A promise made to the 78,000 people who have their loans with funds was broken. They were told they would be no worse off than they were when their loan was being serviced by PTSB, AIB or Bank of Ireland, but that is manifestly not the case. The promise was broken. These mortgage prisoners need to be released from their purgatory and allowed get on with their lives. I note the recent moves to encourage those with performing loans to go back, potentially, to the main banks, but I also note how tightly that framework is structured. We should consider a super levy on the extraordinary €5 billion of profit in our banks if they do not play ball in welcoming back those whose loans they sold from under them. Let us make the imposition of a super levy dependent on the banks' social performance. They have a responsibility in this regard and they should be made to own and manage that responsibility. I agree the bank levy should be extended and expanded and have a further proposal to make, as is reflected in our amendment. The Government should extend the levy by all means and use the revenue generated from the new levy, or the extended levy, to provide the resources to our trusted local councils to refinance performing mortgages currently being serviced by vulture funds at a fair interest rate and under fair terms. This would represent a significant State-led solution and would allow for the exorcising of ghosts that have been haunting families for 14 to 15 years, in some cases. It is these mortgage holders who are especially deserving of our full attention and who are entitled to a holistic, comprehensive solution from their Government, once and for all. We have, as I said, proposed this by way of an amendment.

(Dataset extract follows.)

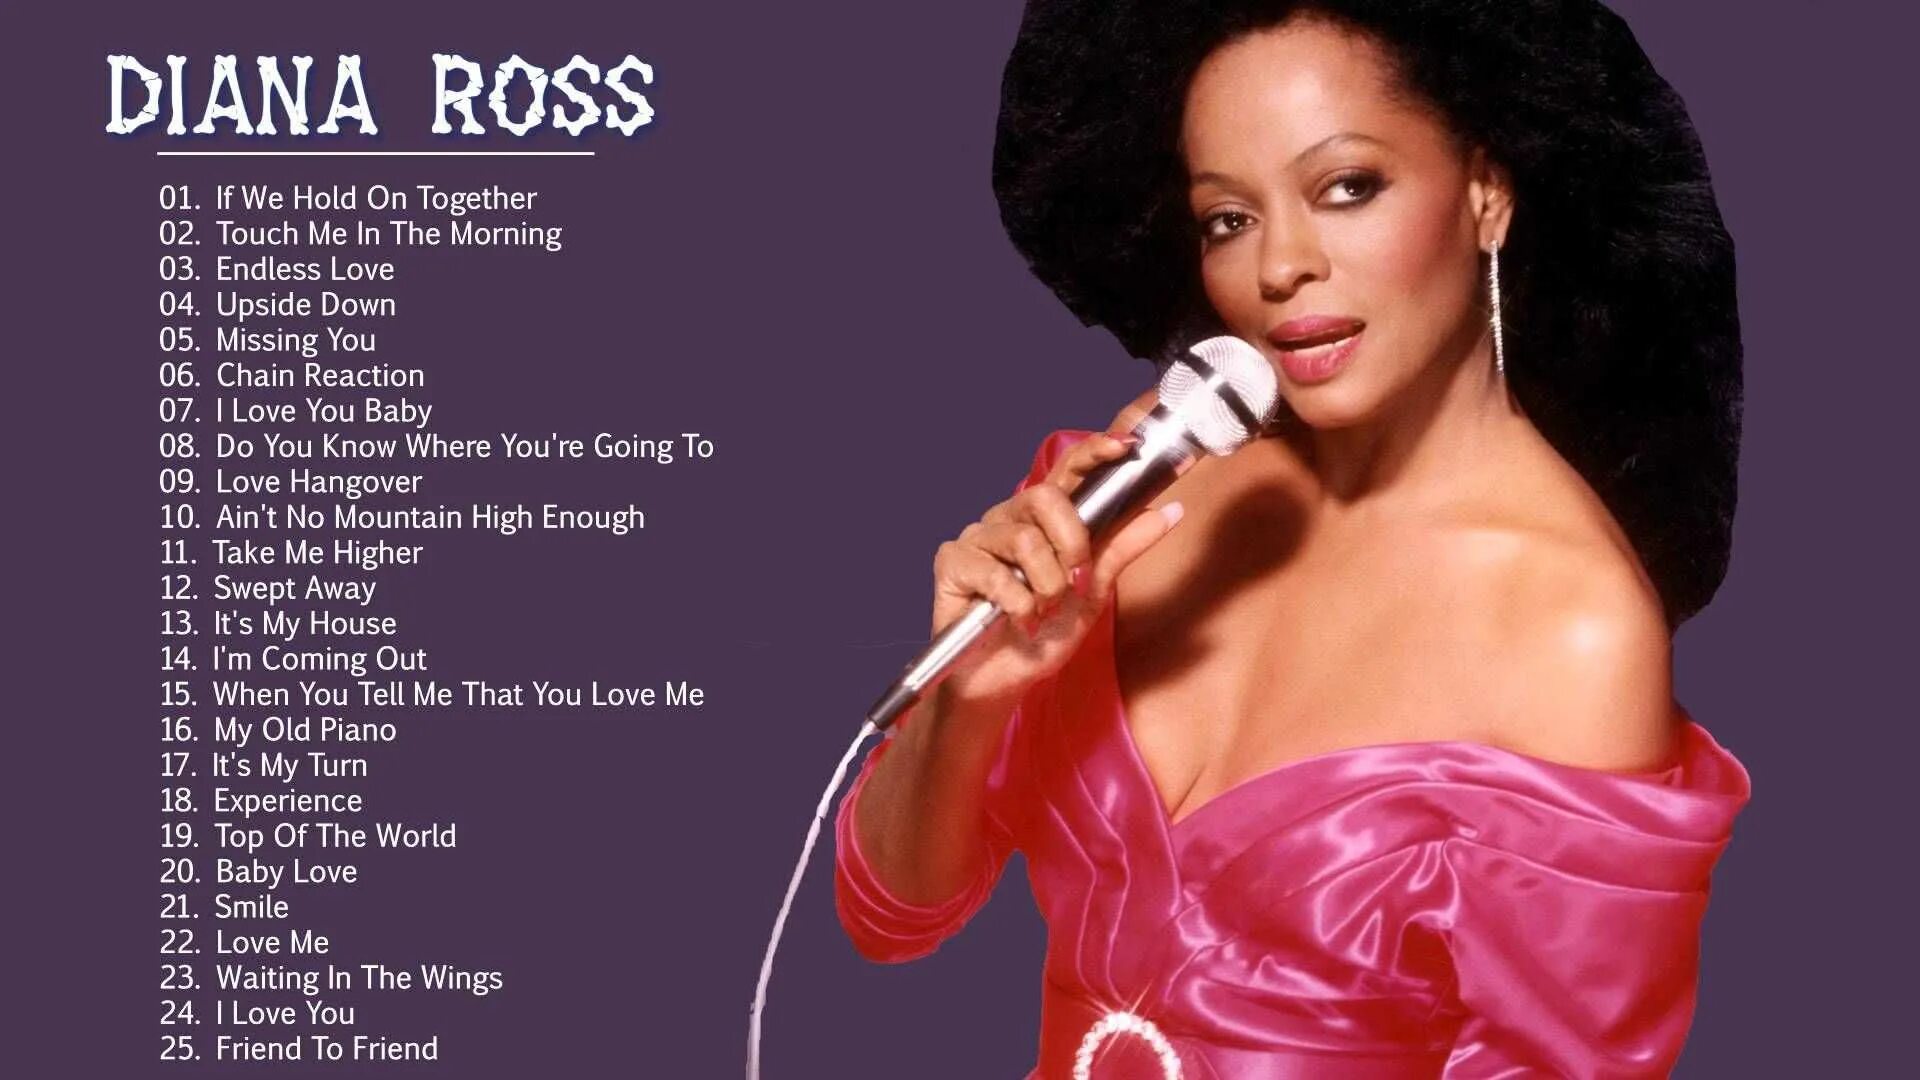 Diana Ross 2023. Diana Ross 1970. The Boss Дайана Росс. Diana Ross Дайана Росс. Песня disco cone take it high
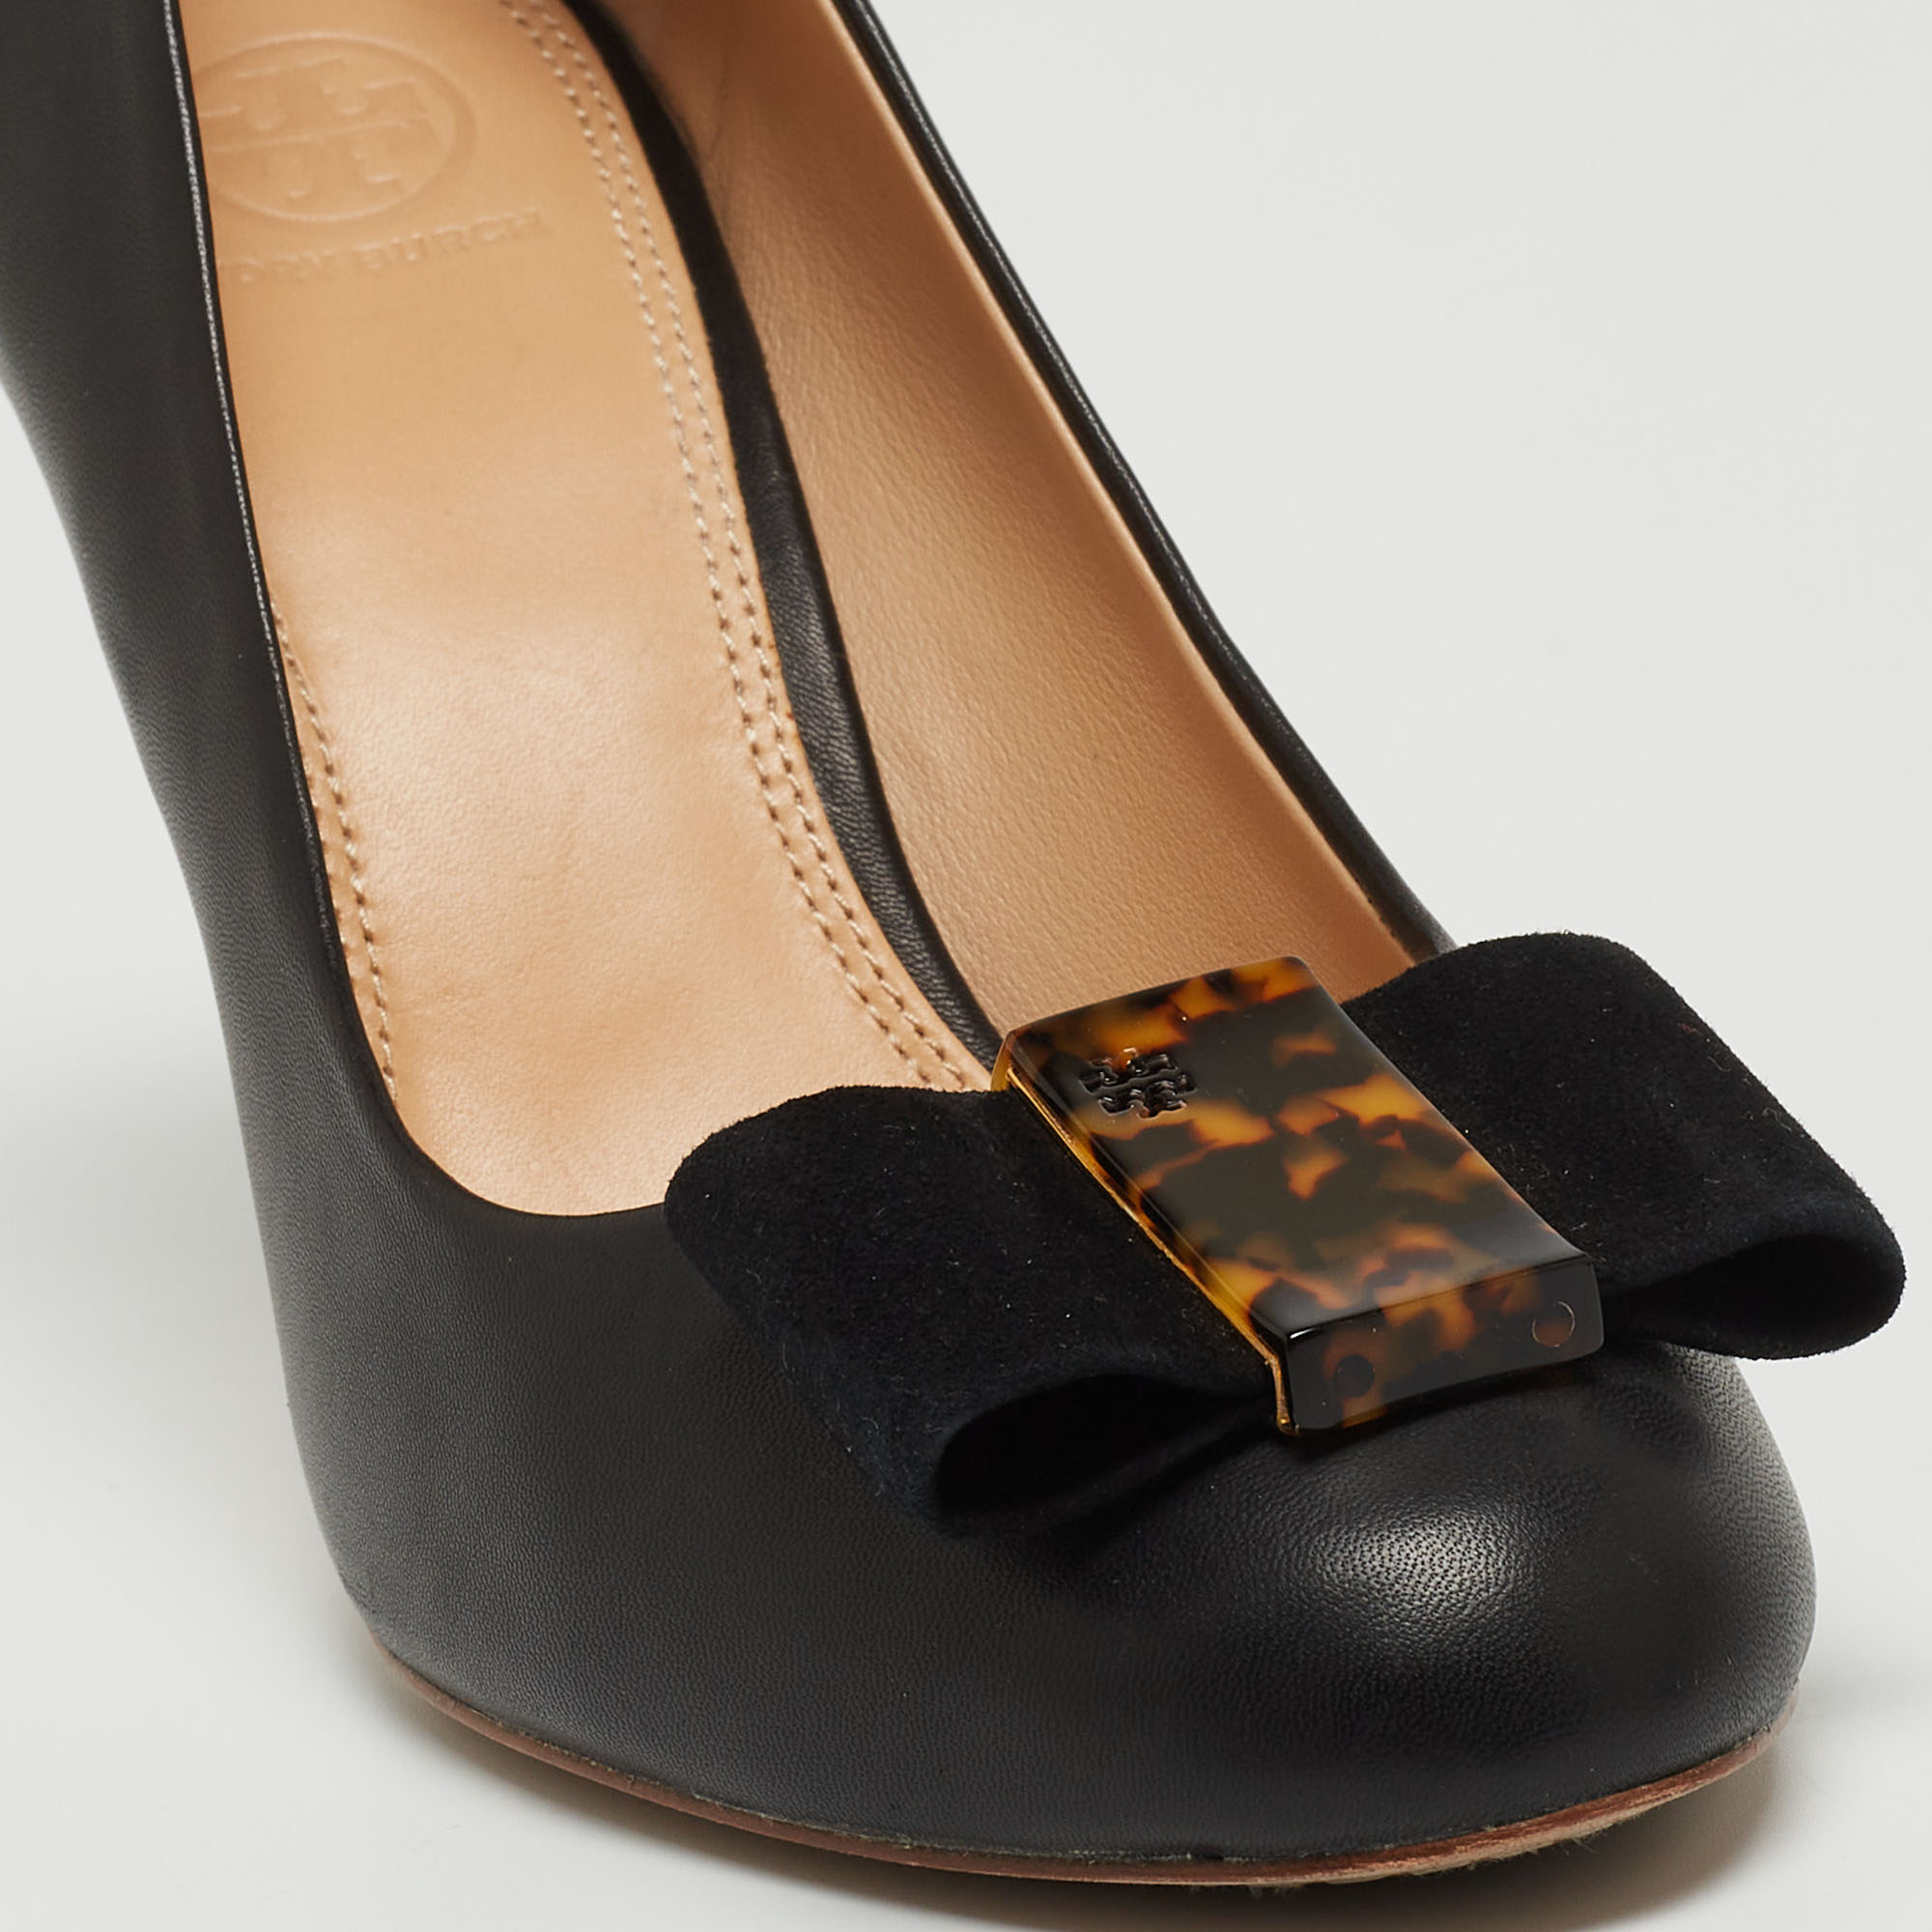 Tory Burch Black Leather And Suede Tortoise Bow Chase Pumps Size 40

In conclusion, I again call on the Minister, as our second amendment proposes, to support the passage into law of Labour's Central Bank (Variable Rate Mortgages) Bill 2022. He will be very familiar with that legislation indeed. It draws very heavily on a Bill he tabled when in opposition. It sets out objective and robust criteria where, under certain circumstances, high variable mortgage interest rates could be capped. The Minister was the mortgage holder's friend when in Opposition. If he was not championing the return of mortgage interest relief, he was deriding high interest rates at a time when rates were much lower than they are now. Labour's amendments would make a very real and sustainable difference to those who are genuinely struggling with their mortgages and we have a responsibility to act definitively, comprehensively and holistically, once and for all, in that regard.